Provided material START

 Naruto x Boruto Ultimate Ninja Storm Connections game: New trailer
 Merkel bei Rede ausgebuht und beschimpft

Provided material END
Provided material START

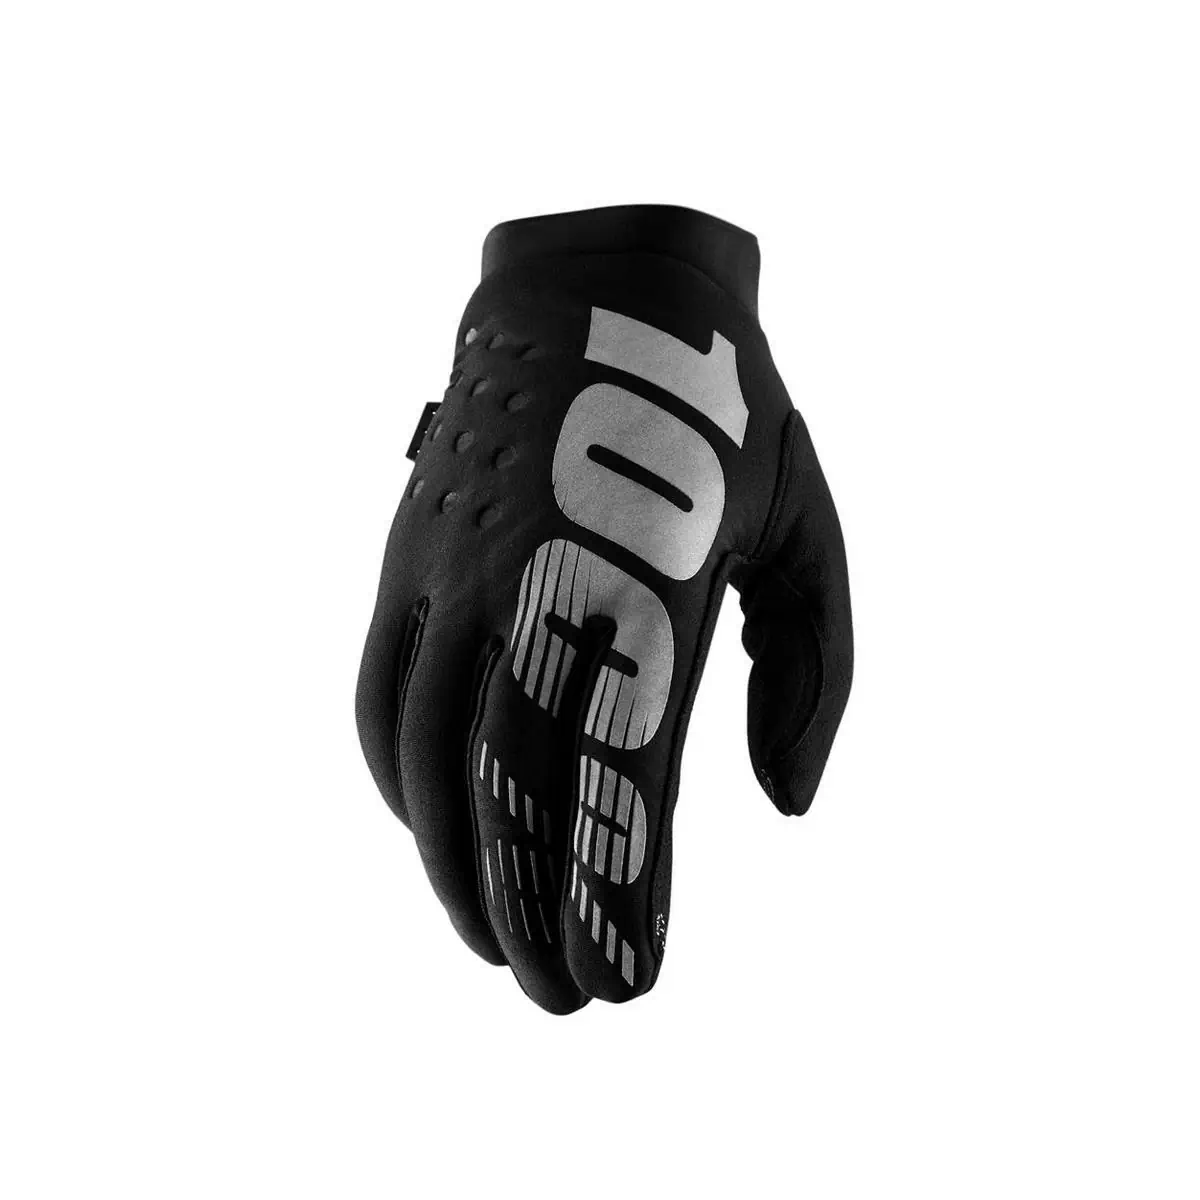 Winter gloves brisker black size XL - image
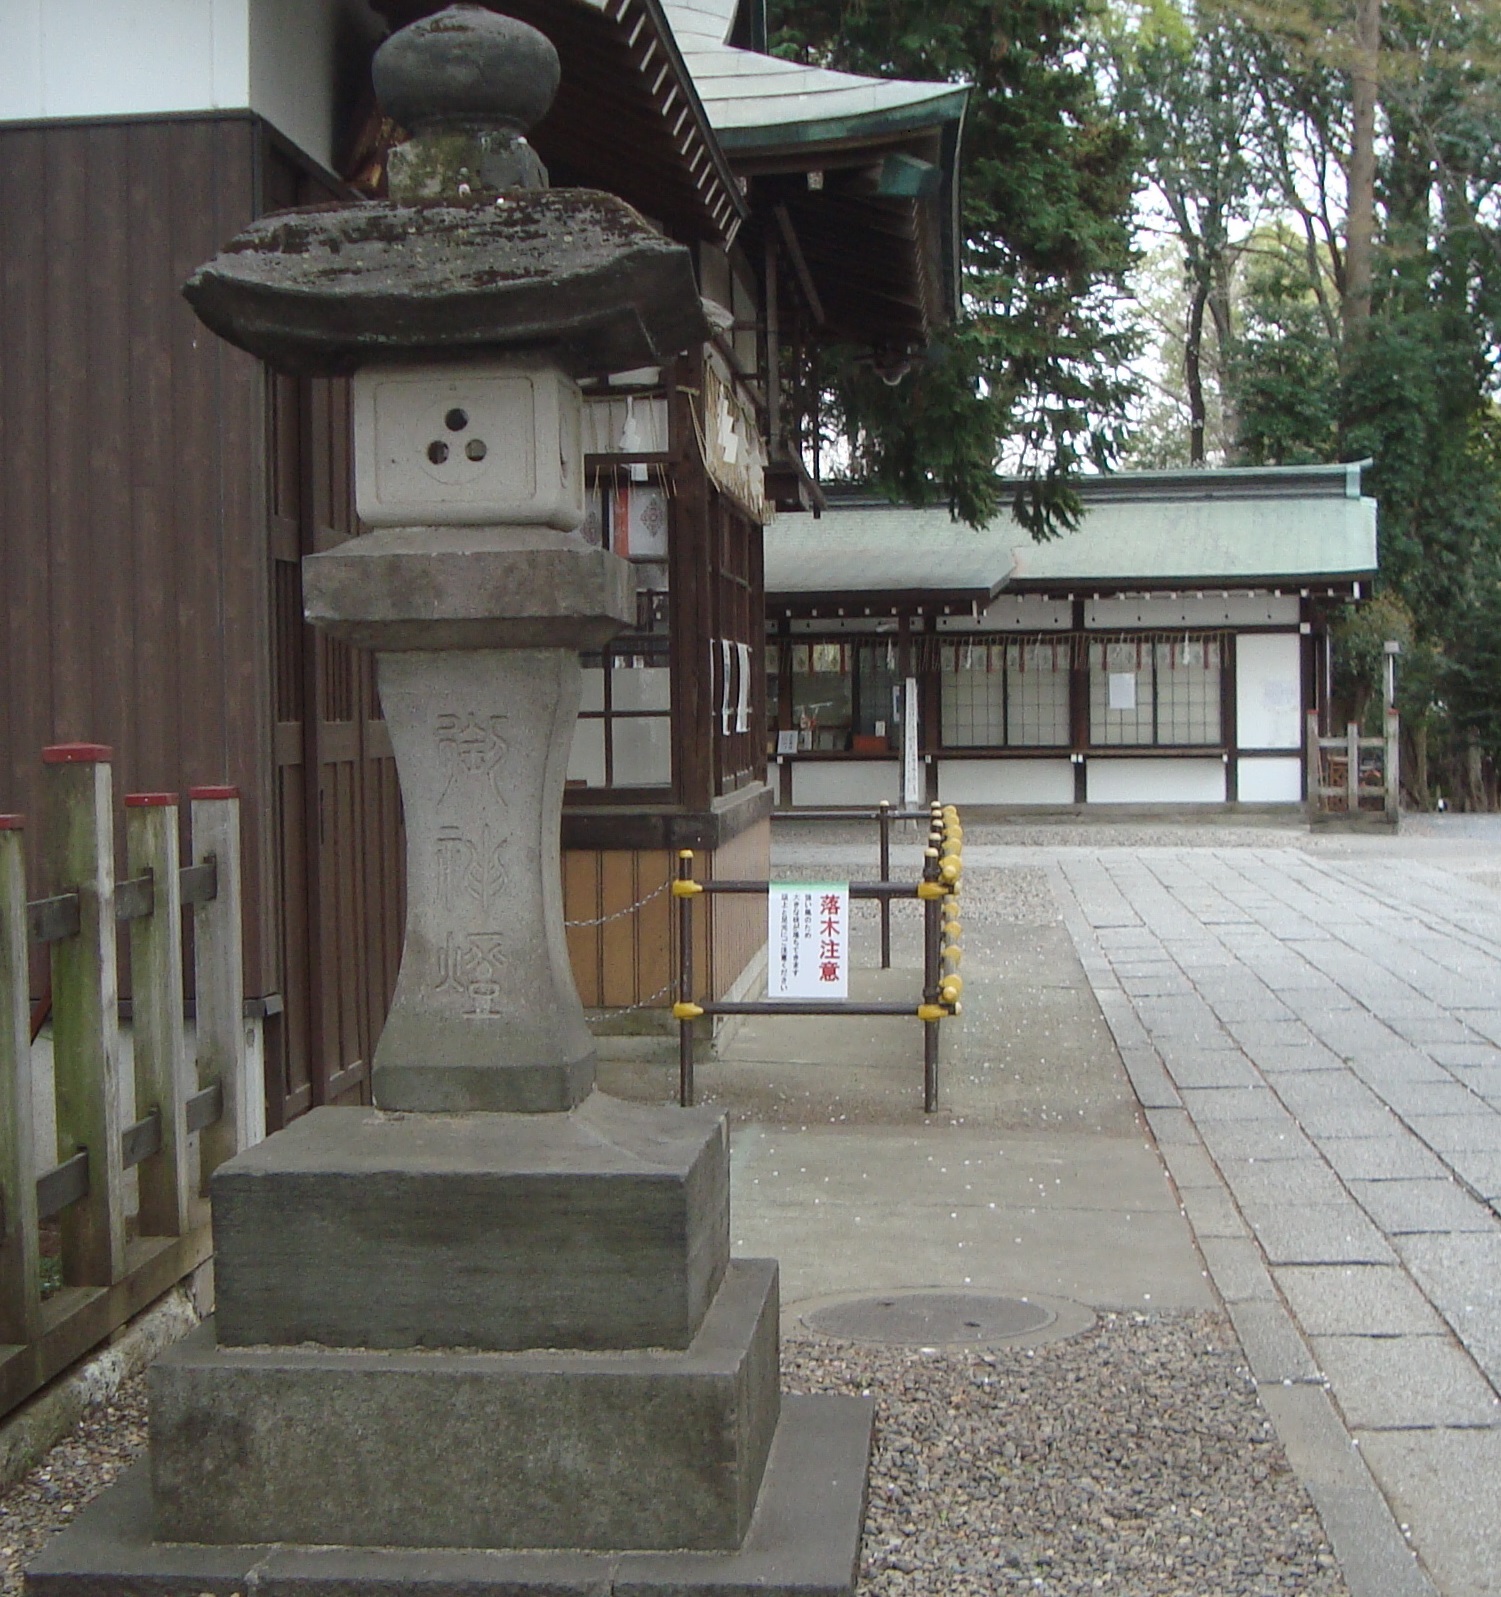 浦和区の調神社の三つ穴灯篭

Provided material END

Brief.
Look above for the line holding "Naruto x Boruto", then set down exactly that line and every line after it up to and including the line holding "Merkel bei Rede ausgebuht und beschimpft", with nothing else.

Final answer.
 Naruto x Boruto Ultimate Ninja Storm Connections game: New trailer
 Merkel bei Rede ausgebuht und beschimpft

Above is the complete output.